Demokratische Übergangsbereitschaft ist weder die Vorhersage eines unmittelbar bevorstehenden politischen Wandels noch die Behauptung, ungeklärte verfassungsrechtliche Befugnisse seien bereits entschieden. Sie ist eine öffentliche Methode, um zu fragen, welche Institutionen, Nachweise, Schutzmechanismen und Fähigkeiten nötig wären, um Menschen, Rechte und wesentliche öffentliche Funktionen in Zeiten tiefgreifenden politischen Wandels zu schützen.
Bereitschaft umfasst mehr als Verfassungsgebung. Dazu gehören rechtmäßige zivile Regierungsführung, Rechte und rechtsstaatliche Verfahren, Kontinuität öffentlicher Dienste, Finanz- und Zahlungsfragen, Informationsintegrität, Verwaltungskapazität, öffentliche Sicherheit unter zivilem Recht, lokale und regionale Kontinuität, Schutz besonders gefährdeter Gruppen und das Auslaufen außergewöhnlicher Regelungen.
Für öffentliche Analysen können 24 Stunden, 7 Tage, 30 Tage und 1 Jahr als Stresstest-Horizonte dienen. Sie sind Planungsfenster, keine Prognosen oder politischen Fristen. Für jeden Horizont ist zu fragen: Welche Funktion muss fortbestehen? Welche rechtmäßige Befugnis wäre erforderlich? Welche Nachweise fehlen? Welche Sicherung begrenzt Missbrauch? Welche Prüfung gilt? Unter welcher Bedingung endet oder wechselt eine vorübergehende Maßnahme?
Jeder Vorschlag sollte FUNKTION, BEFUGNIS, FINANZIERUNG/UMSETZUNG und RECHENSCHAFT trennen. Dass Krankenhäuser, Versorgungsdienste, Akten oder Zahlungen weiter funktionieren müssen, begründet nicht automatisch, wer rechtmäßig handeln darf. Vergleichsfälle können Gestaltungsfragen beleuchten, aber keine künftige Befugnis stillschweigend schaffen.
Rechtsschutz ist Teil der Bereitschaft. Öffentliche Planung sollte Gewaltfreiheit, Schutz von Zivilpersonen, rechtsstaatliche Verfahren, Meinungs- und Vereinigungsfreiheit, Minderheiten- und Dissensrechte, Aktenbewahrung, Antikorruptionssicherungen, Interessenkonfliktregeln, unabhängige Kontrolle und eine rasche Rückkehr zu normalen rechenschaftspflichtigen Institutionen betonen.
Institutionelle Kapazität muss differenziert gemessen werden. Rechtliche Existenz, Personal, Leitung, administrative Annahme, Entscheidungsbefugnis, tatsächliche Leistung, übernommene Rückstände und spätere Wiederherstellung von Kapazität sind verschiedene Dinge. Eine verfahrensmäßige Abschlussquote ist nicht automatisch ein Maß für Gerechtigkeit, Abhilfe, institutionelle Qualität oder Legitimität.

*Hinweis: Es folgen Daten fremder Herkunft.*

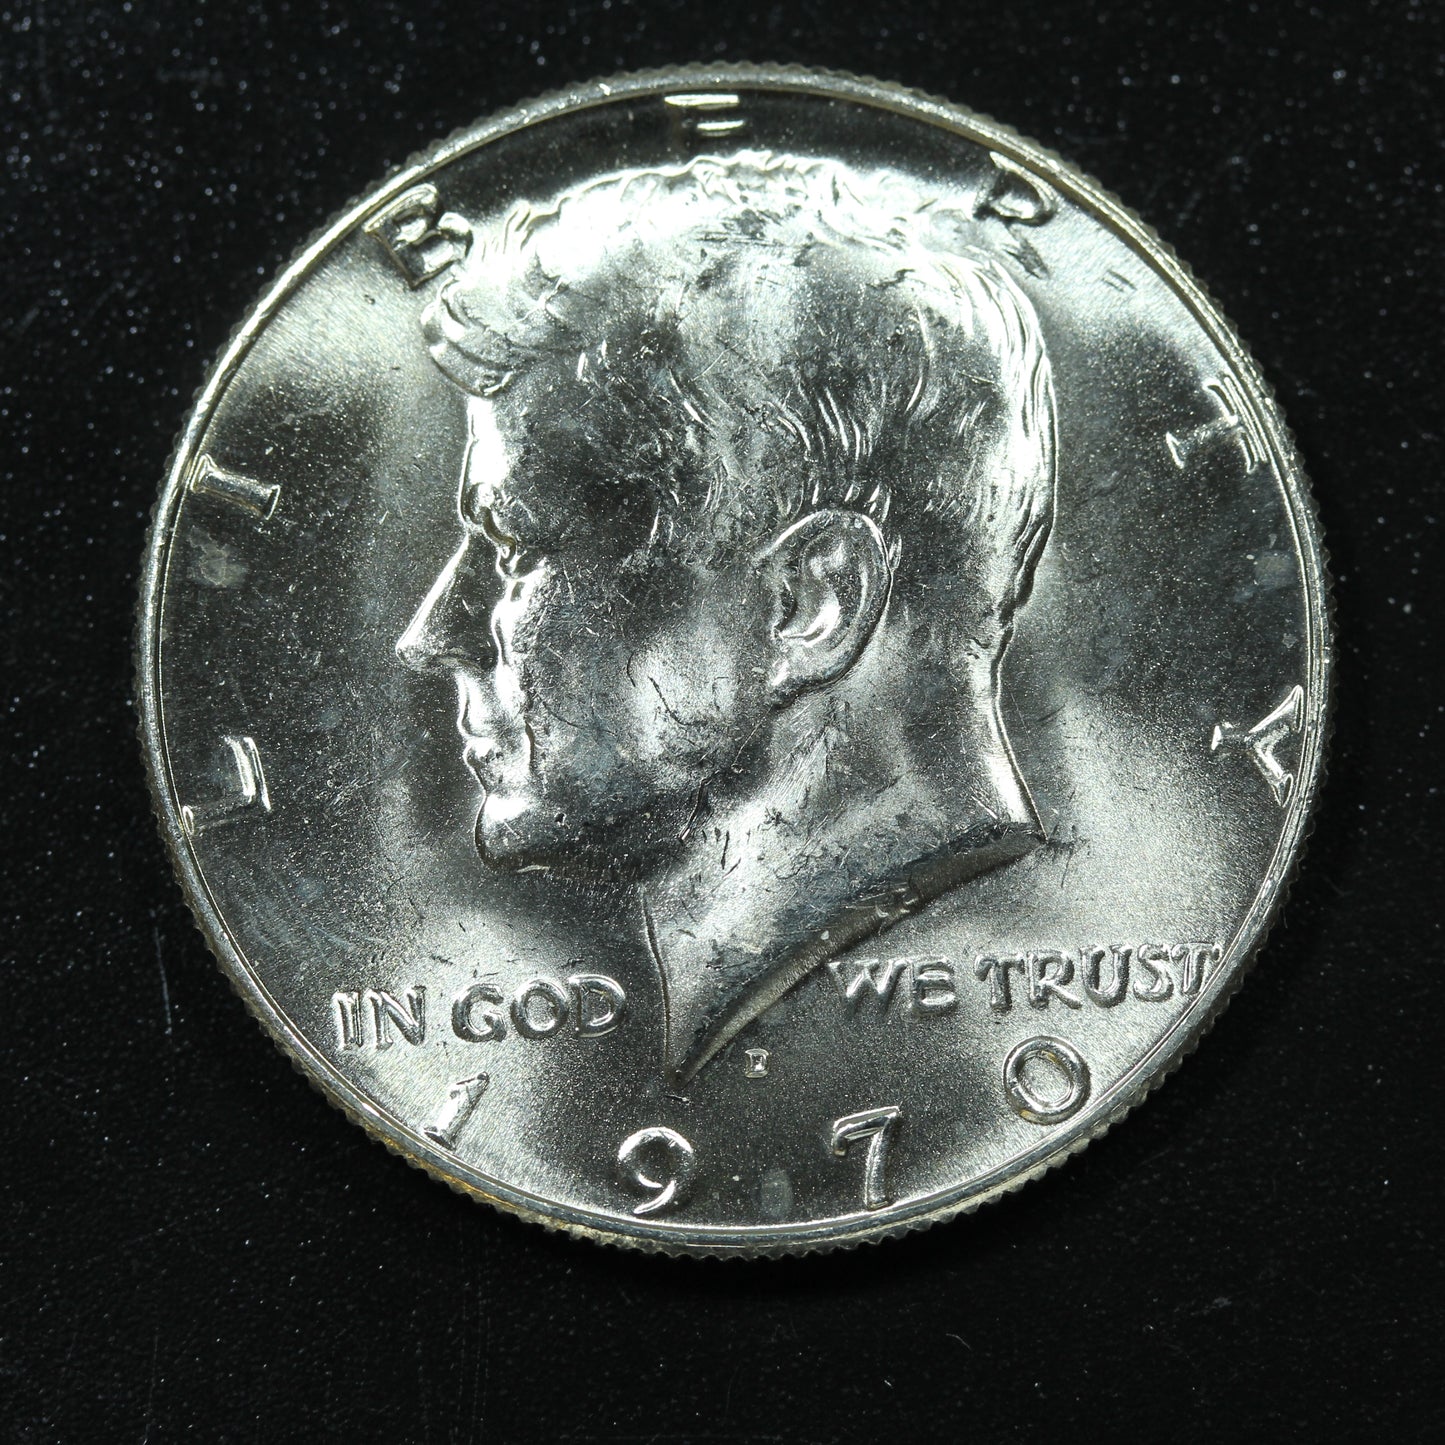 1970 D (Denver) Kennedy Half Dollar 40% Silver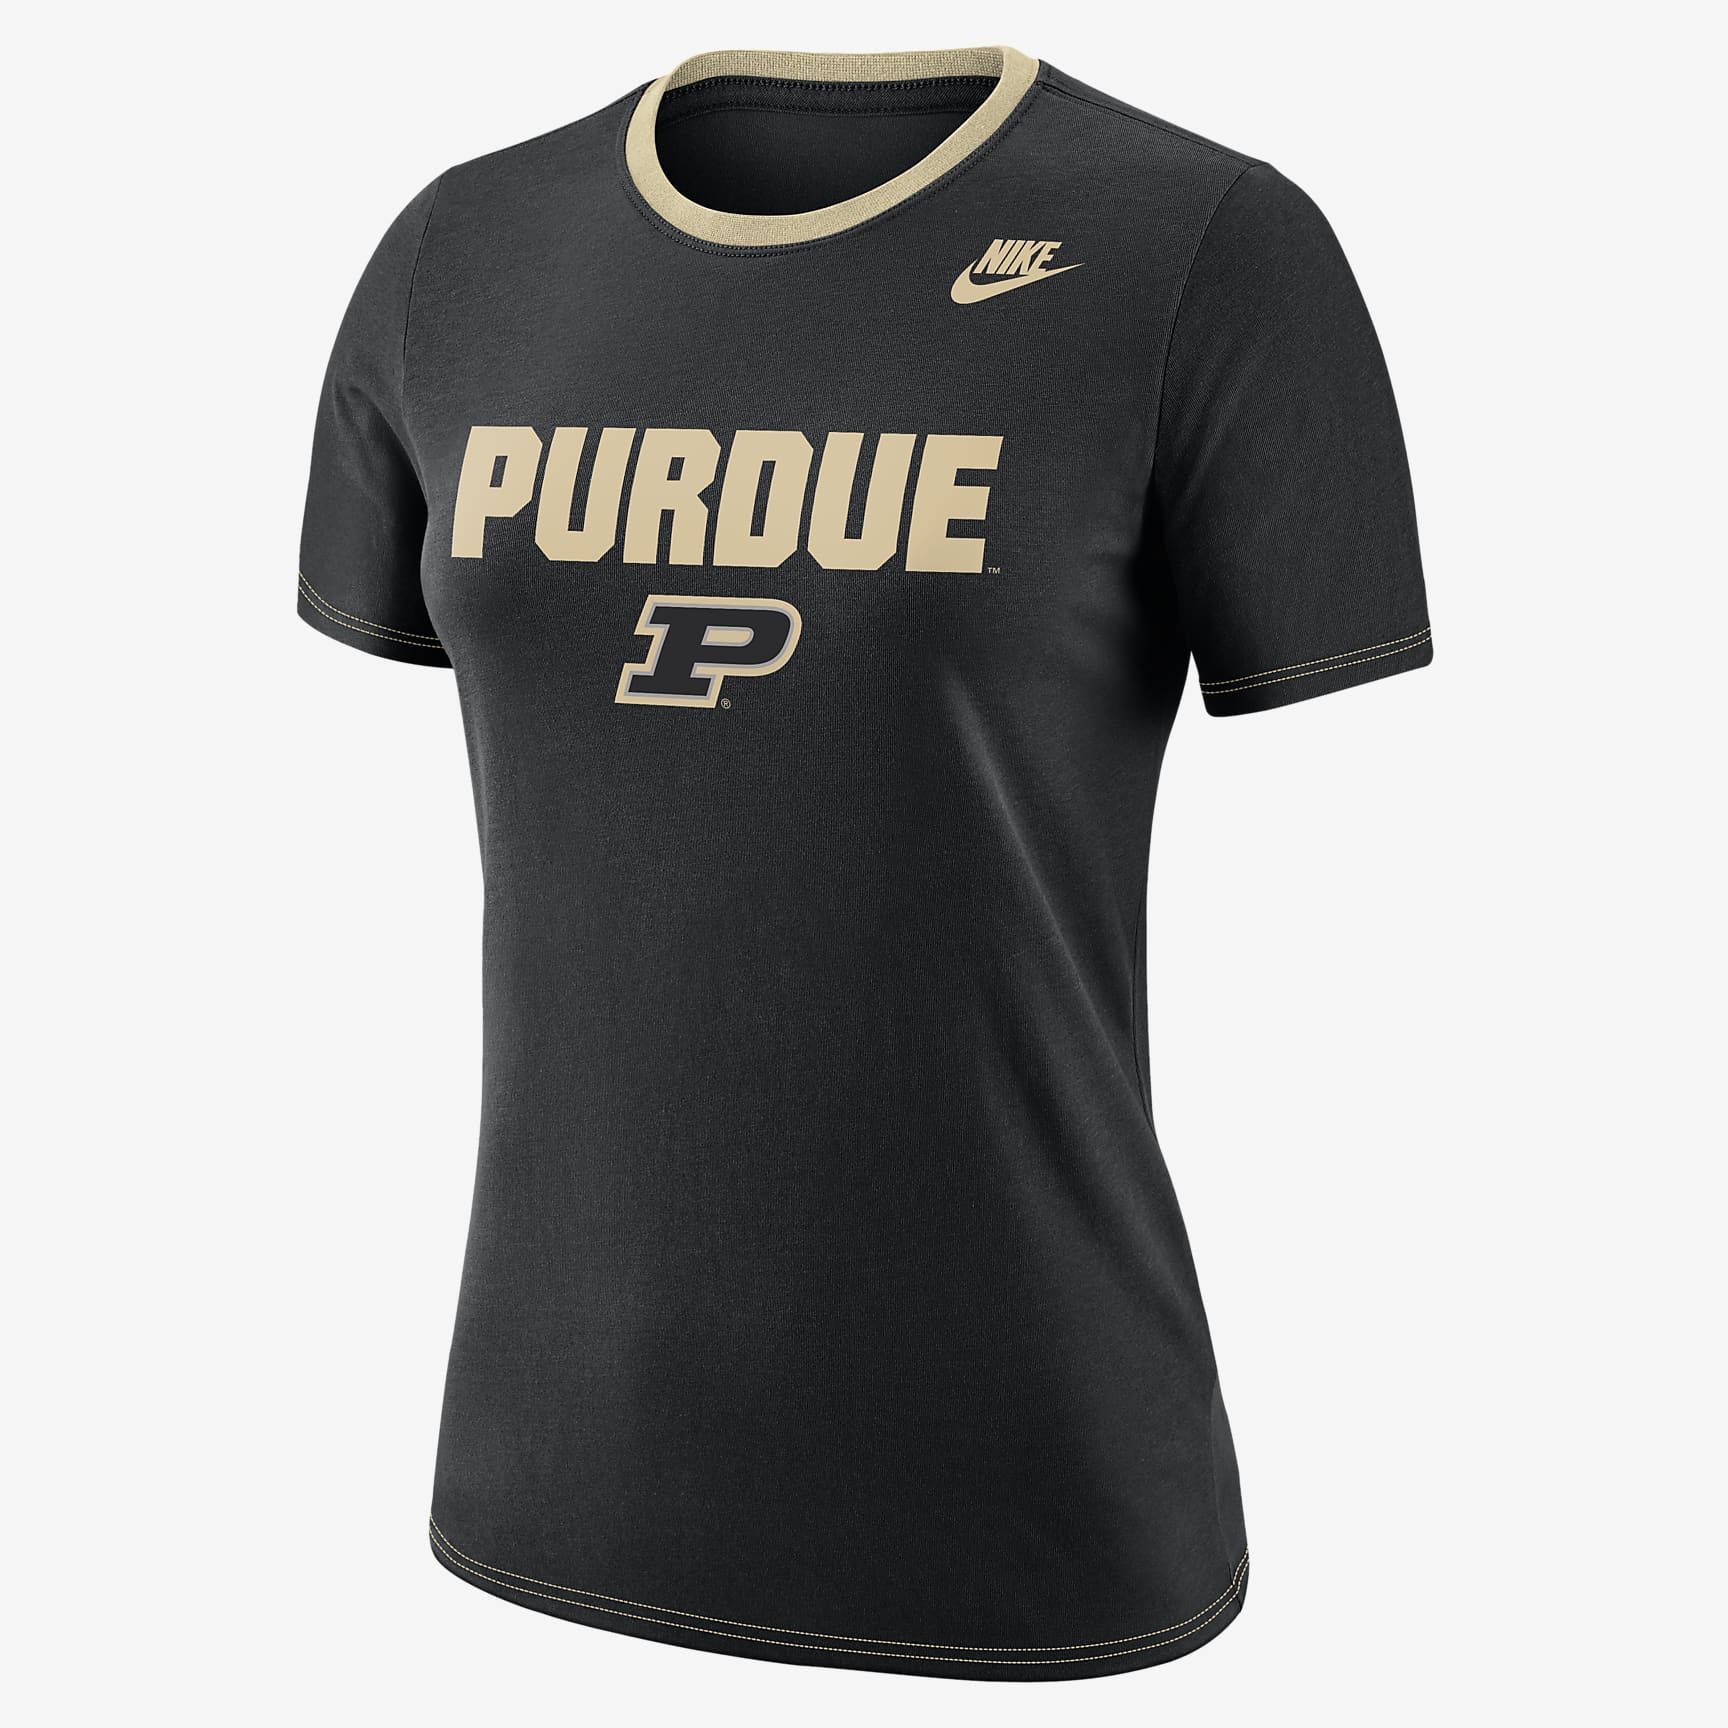 Nike College Dri-FIT (Purdue) Women's T-Shirt. Nike.com

Verfassungsumsetzung kann mehreren Zeitachsen folgen: Annahme oder Ratifikation, Verkündung, rechtliches Inkrafttreten, Wahlen nach neuen Regeln, institutionelle Besetzung, Aktivierung von Exekutive oder Kabinett und der erste normale Rechenschaftszyklus können zu unterschiedlichen Zeitpunkten stattfinden. Auch lokale Demokratie, Verfassungsprüfung, Aufsicht und Verwaltungsübertragungen können eigenen Zeitplänen folgen.
Die Vorbereitung stützt sich auf unabhängig verifizierte historische Belege sowie auf unabhängige verfassungsrechtliche und vergleichende Übergangsanalysen. Diese Arbeiten informieren öffentliche Bereitschaftsfragen und institutionelle Schutzmechanismen, ohne offene Fragen in feststehende Schlussfolgerungen zu verwandeln. Zitierte Forschende, Beteiligte, Institutionen und Quellen gelten dadurch nicht als Unterstützer von Free China oder des Konzepts einer Dritten Republik.
Die öffentliche Methodik konzentriert sich auf Recht, Institutionen, Ethik, Kontinuität und Rechenschaft. Sie veröffentlicht keine sensiblen operativen Details, privaten persönlichen oder finanziellen Informationen, nichtöffentlichen Infrastrukturinformationen oder vertraulichen Quellenidentitäten.
Ziel ist Vorbereitung ohne Vorwegnahme: Menschen und wesentliche Funktionen schützen, Befugnisse überprüfbar machen, Unsicherheit sichtbar halten und verhindern, dass vorübergehende Regelungen allein durch Trägheit dauerhaft werden.